An environmental analysis of different greenhouses was conducted, and CO2 emission and total CO2 emission were calculated. CO2 emission increases with the increase in PV module efficiency. For the zero-net-energy solar greenhouse, CO2 emission was 1823 kg CO2/year, total CO2 emission was 2957 kg CO2/year, and the emission savings were 6626 kg CO2/year and 5912 kg CO2/year (without and with embedded emission of CO2, compared with electricity usage).
In the end, an economic analysis of the installed renewable energy systems was performed. The total investment for these systems is very high (19,130 € for OPT20 greenhouse and 19,326 € for ZNEG greenhouse), but they are very cost-effective systems, with a payback period of 9.94 years for OPT20 greenhouse and 8.63 years for ZNEG. Sensitivity analysis shows that the choice of cheaper GSHP of the same characteristics can reduce the payback period to 7.4 years.

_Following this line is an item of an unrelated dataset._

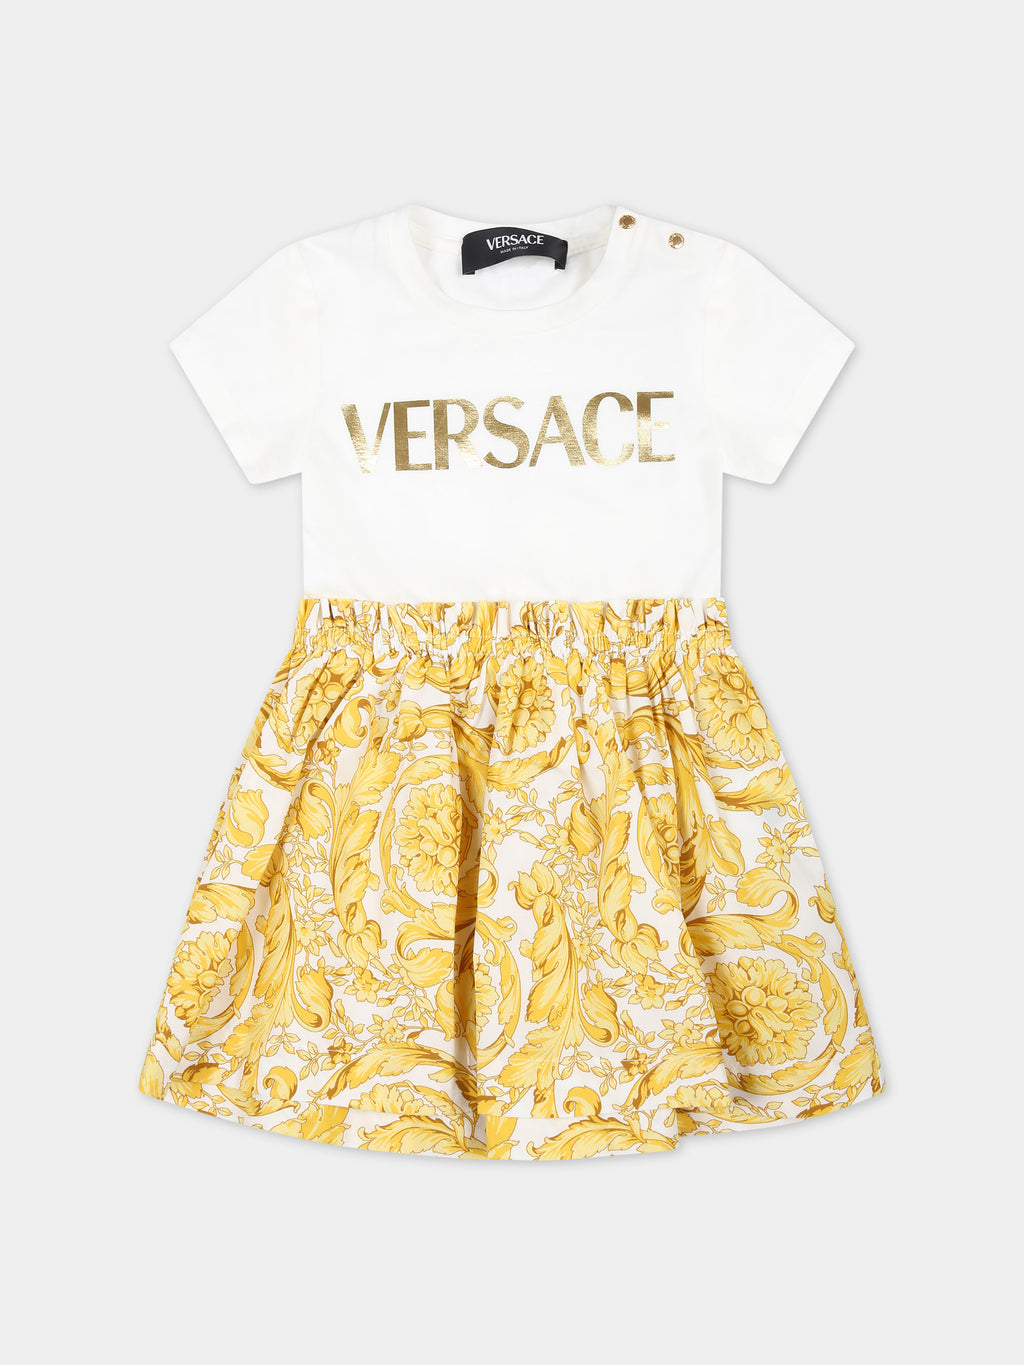 Robe blanche pour bébé fille avec logo Versace et imprimé baroque

Results presented in the paper showed that there is a great possibility of saving energy in the agricultural sector. This is particularly important from the perspective of reducing fossil fuel use and greenhouse gas emissions. Energy and financial savings could be greater if a low-temperature heating system, such as panel floor heating, is applied in the greenhouse. When analyzing the environmental aspects, it is possible to investigate the installation of PV panels with higher module efficiency to maximize avoided operational primary energy and emission savings through optimization routines. Also, further investigations can be aimed at economic optimization to maximize financial profit. Solutions with lower investment costs can be considered to reduce the payback period.
The general trend in the field of renewable energy technologies is to reduce their cost and increase their efficiency. Therefore, the increasing application of RES in the field of agriculture is fully justified because these technologies enable better crop yields and their growth in controlled conditions.